At which point I vaguely remember responding with “I don’t really want to hear your voice right now either, too bad you keep talking.”

Yes, I’m aware that’s not the most positive or best thing to say to your child, but we can’t be positive all the time. I’m sure she’ll survive, with plenty of confidence to spare. Forty-five minutes later, we finally arrived, and went inside the building. They were definitely crazy acting. Running around, some playful screaming, just being loud in general, but at least they were still being cute and sweet for the women I used to work with. When it was time to leave, they convinced me to take them on a lunch date.

“I promise we won’t be crazy at the restaurant Mommy. You know though, all those girls you worked with still really liked us, even though we were acting crazy.”

They kept their promise, and were perfectly behaved little girls all through lunch. I couldn’t believe I was sitting with the same children I woke up with that morning. They went back to the morning behavior as soon as we were back in the car, and away from the public’s eye though. The fighting started before I had even started the car. It was a nice day today, and they asked to have their windows down. I never roll the windows all the way down, because I don’t want them throwing anything out the window. Not that I think they would at their ages, but you always see the one lone baby shoe on the side of the road, so it’s just something I’ve always done. I leave it down just enough that they can reach up and feel the wind on their little finger tips. Apparently, that’s not high enough though. They were arguing about something insignificant while I’m driving down the highway, and I look in my review mirror to see my oldest throwing things out the window in anger. I was shocked and furious. Of course I got onto her, which made her even madder. And then she asked me to turn around and go get her stuff, which even if I could have I’m not sure I would have at that point, but we were on a big split highway so I couldn’t anyway. This made her furious. So in her anger she decided to unbuckle herself and stand up out of her booster seat. I pull over on the side of the highway, give her a swat on the butt as I’m yelling at her, and as I’m putting her back in her seat and buckling her up, I notice a police officer has pulled up behind me and is getting out of his car. He asked if everything was okay, and I told him everything was fine I was just dealing with my children. I know he was probably just making sure I hadn’t broke down or anything, and didn’t need any help, so I tried to be as friendly as I could in the situation. He asked what exactly was going on, and I held in my string of venting I wanted to throw at him, and told him my daughter unbuckled herself and I was buckling her back up. I hoped he was smart enough not to mention the spanking, and he was.

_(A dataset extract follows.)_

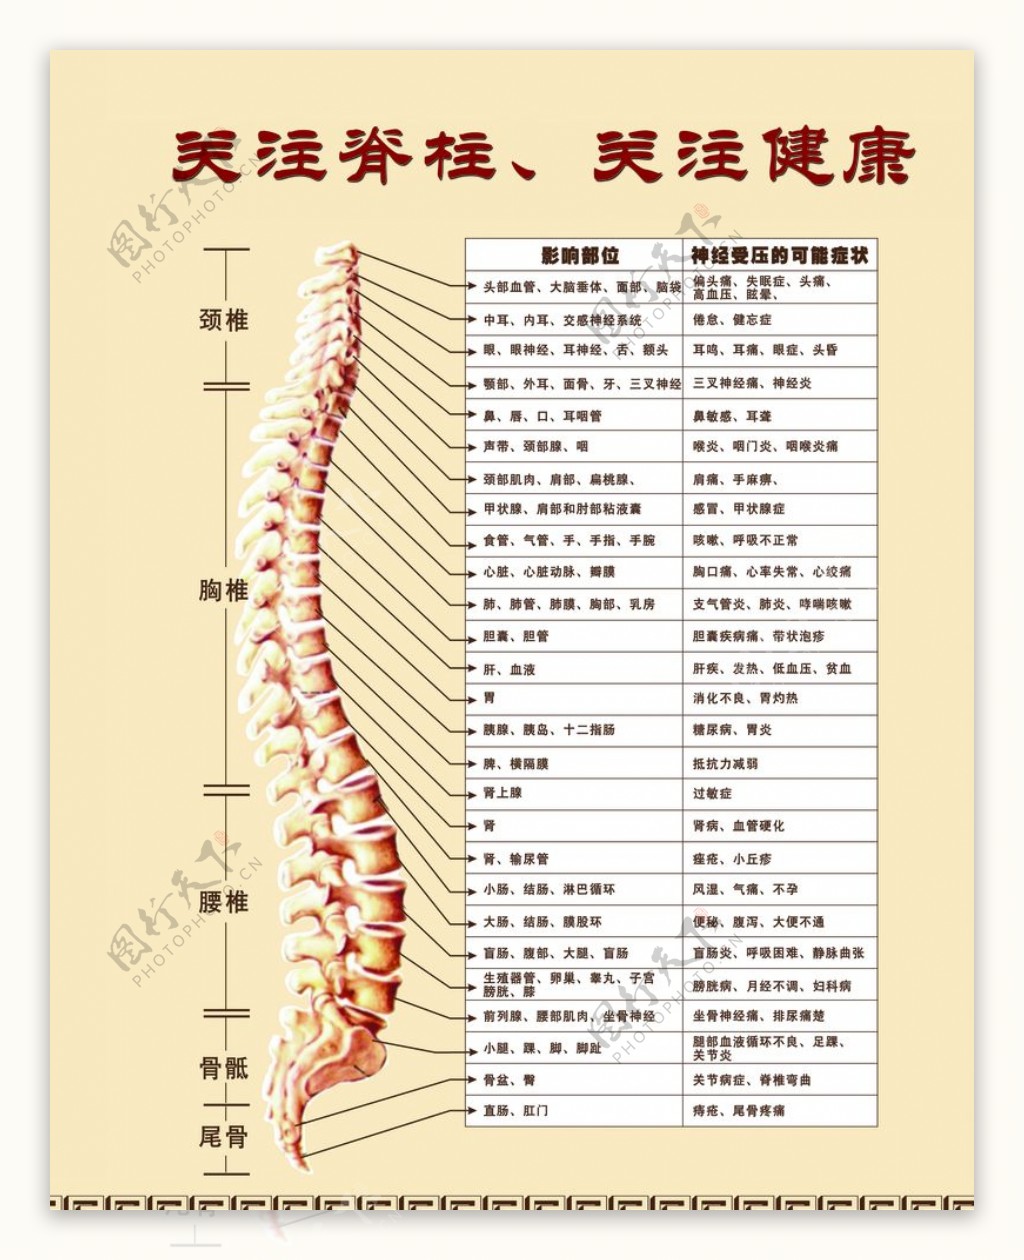 图54 椎骨间的连结-人体解剖组织学-医学

The twenty minute drive home after that incident was spent with her crying, and her younger sister impatiently telling her to be quiet, because it was hurting her ears. When we arrived home it was straight to bed for them. My youngest went down without a fight as usual, and my oldest was planning on going down without a fight, until she couldn’t find the right stuffed animal. I’m already at my wits end at this point, and cannot even fathom searching for this stuffed animal so she would be happy. I told her she was just going to have to sleep with a different friend today. This is when all hell broke loose. Kicking, screaming, and throwing things. Complete and utter melt down, for thirty-five minutes. Her melt down triggered a Mommy melt down. I’m aware that my losing my temper, and throwing an adult tantrum didn’t help matters at all. I eventually shut her bedroom door, told her not to open it, and sat on the couch taking deep breaths trying to calm myself down. Ten minutes later I was calmed down, and so was she from the sound coming from her room, which was finally silence. I was also ashamed of myself for not having more patience with her. That melt down is not the kind of things I want my children to remember when they’re older. I walked in her room, climbed in her toddler size bed with her and held her in my arms. I told her I was sorry I acted the way I did, and that I lost my temper. I told her that she shouldn’t have acted the way she did, but I shouldn’t have either. At which point I started getting teary, and I told her sometimes it’s really hard doing everything on my own, and that I need her to try to listen and behave, to help me out. She gave me lots of hugs and kisses, and said that she knows, and she’ll try not to act like that again, and I told her I would try not to act like that again too. After we snuggled for a while, we said her naptime prayers, and I tucked her in. I realized that my youngest most likely heard the commotion, so I walked in her room to tell her I was sorry for yelling so much. She was already snoring, and apparently didn’t care enough to let it keep her from her sleep.

This is when I laid on the couch and started crying. These are the moments I don’t know if I can do this on my own. If I can do this right. If I can somehow be a good enough mom, to make up for not having a dad. Most days I feel like I’m enough for them, but today was not one of those days. So I turned my phone on silent, ran myself a hot bath, drank a glass of wine, and then fell asleep on the couch trying not to feel too horrible about myself, and the mother that I was today.

My little girl didn’t end up falling asleep for nap, but she did lie there quietly the whole time, and when she came out of her room when naptime was over, she wasn’t the same little girl that was throwing things at me earlier, and I wasn’t the same mommy that was screaming at her to knock it off. The rest of the evening she was overly affectionate, sweet, and goofy, and I didn’t feel like I was about to snap. We read lots of books, had a picnic dinner on the living room floor while we watched a movie, and I let them split a grape soda, which I’m pretty sure is the first soda they’ve ever drank. I tucked my little girls in bed and said their prayers, and my little girl I wanted to get away from earlier gave me a kiss on the cheek, then a kiss on the lips and said “I love you Mommy. You’re a good mommy.” And when that made me get teary, she told me that wasn’t supposed to make me cry, it was supposed to make me happy.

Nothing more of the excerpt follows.